### Exercise description:
Please give back the listing below word for word and drop any images.

### Exercise data:
- - - - -
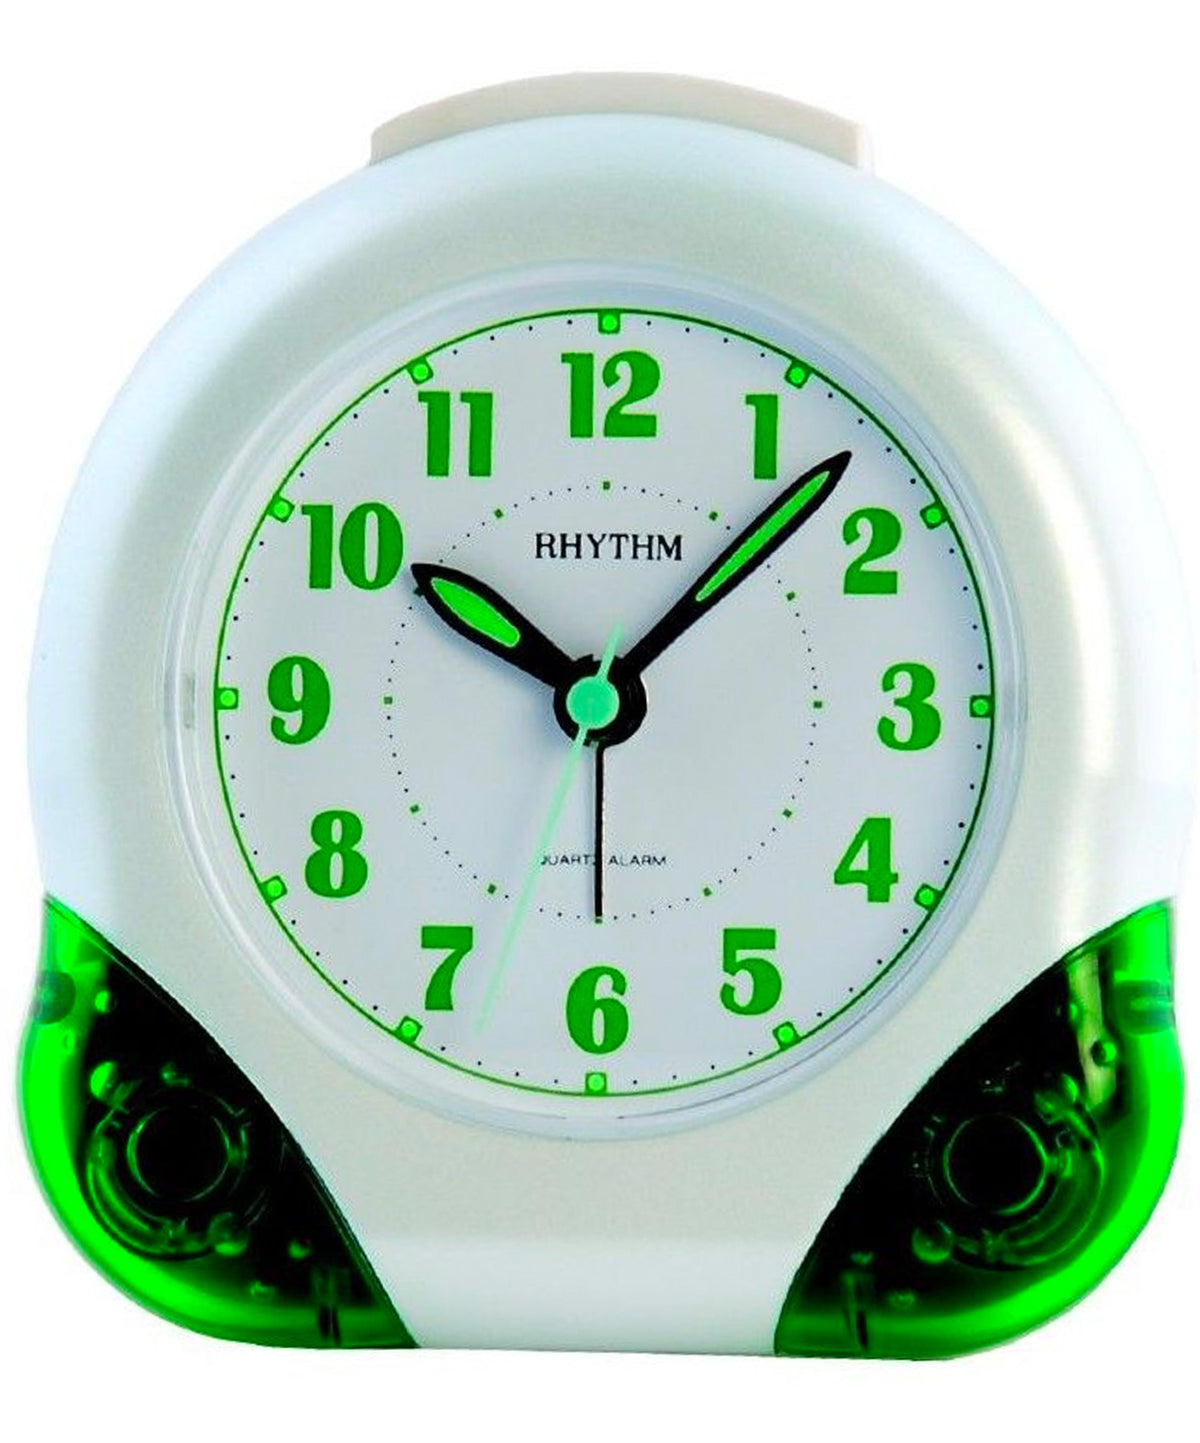 Rhythm, Beep Alarm Clock, 4SE476WR05
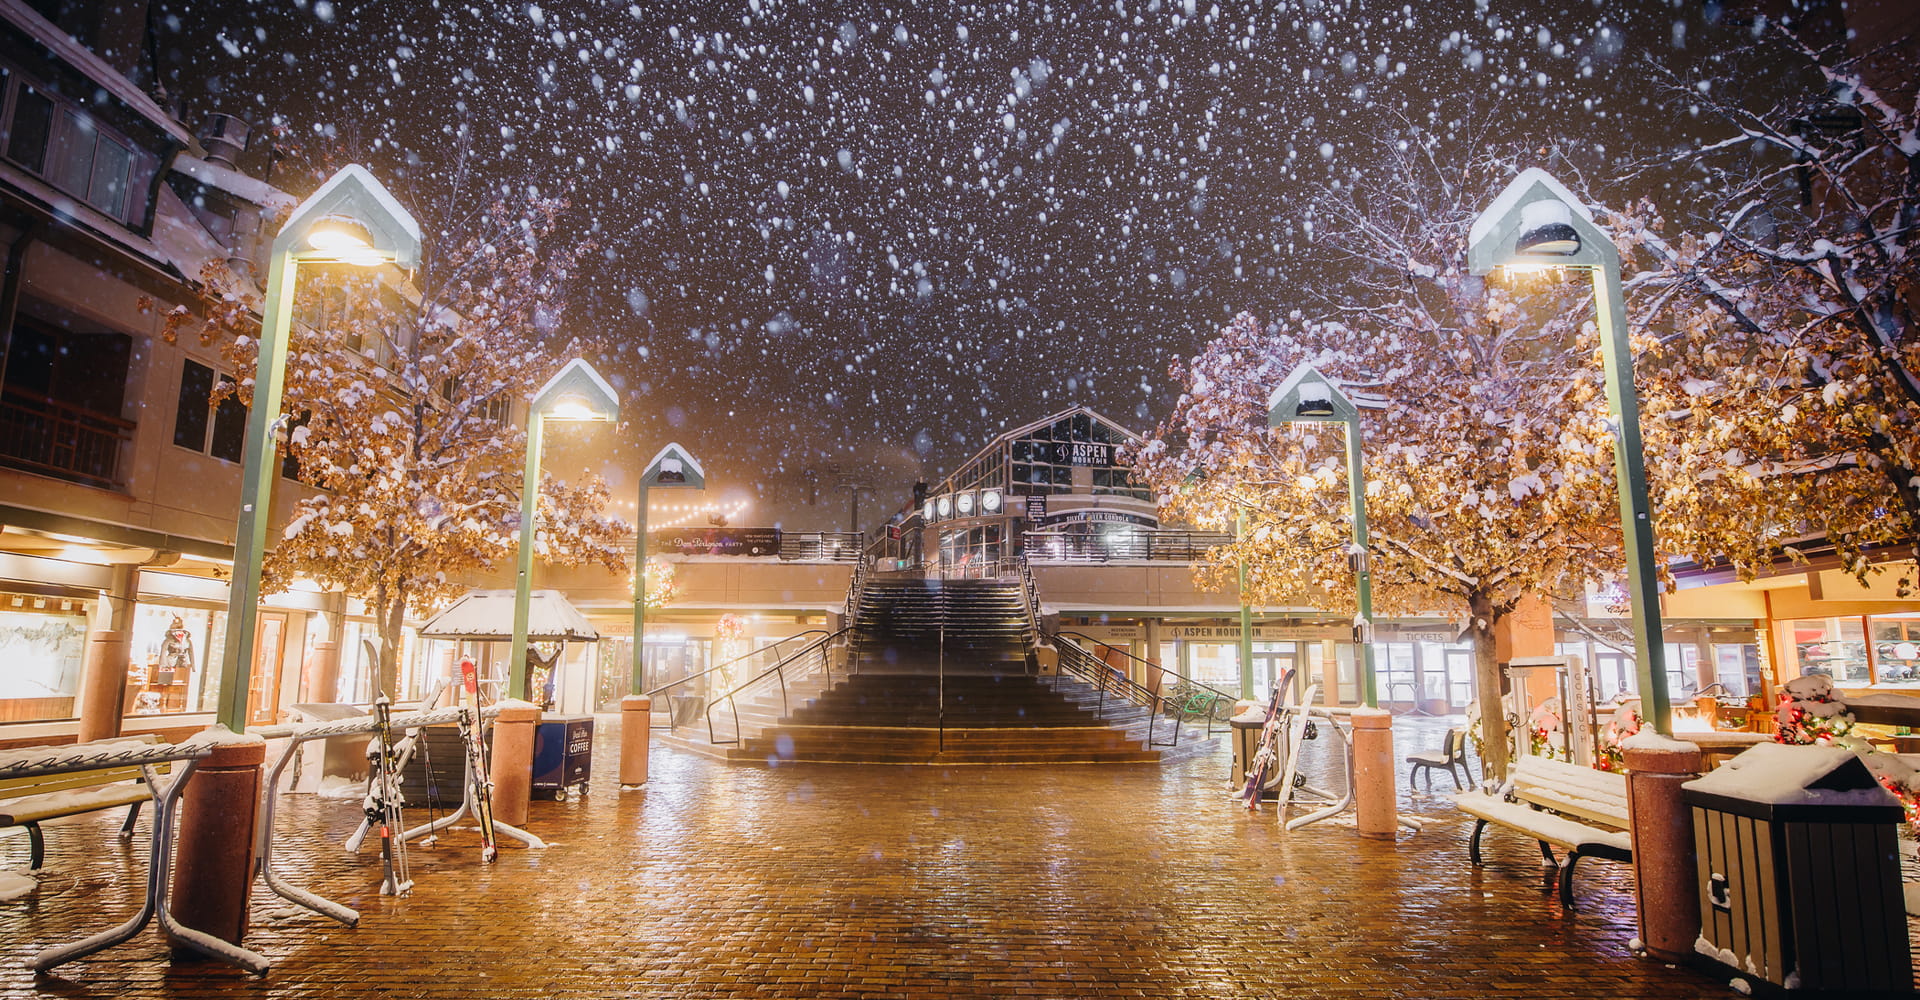 阿斯本山银皇后缆车广场的落雪场景
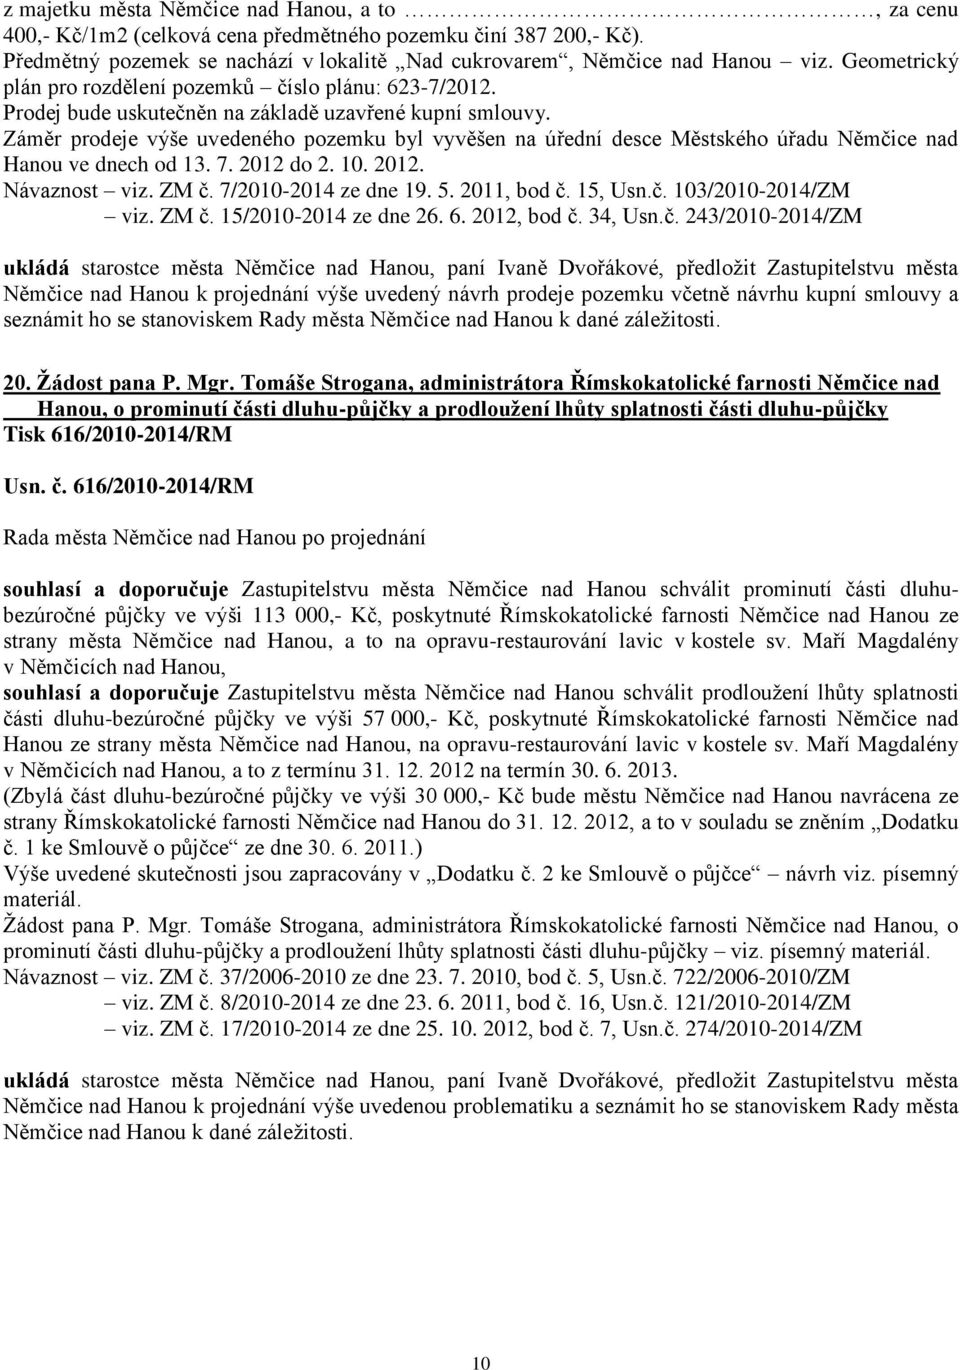 Záměr prodeje výše uvedeného pozemku byl vyvěšen na úřední desce Městského úřadu Němčice nad Hanou ve dnech od 13. 7. 2012 do 2. 10. 2012. Návaznost viz. ZM č. 7/2010-2014 ze dne 19. 5. 2011, bod č.
- - - - -
### Problem solution:
 Rhythm, Beep Alarm Clock, 4SE476WR05
 阿斯本山银皇后缆车广场的落雪场景
 Záměr prodeje výše uvedeného pozemku byl vyvěšen na úřední desce Městského úřadu Němčice nad Hanou ve dnech od 13. 7. 2012 do 2. 10. 2012. Návaznost viz. ZM č. 7/2010-2014 ze dne 19. 5. 2011, bod č.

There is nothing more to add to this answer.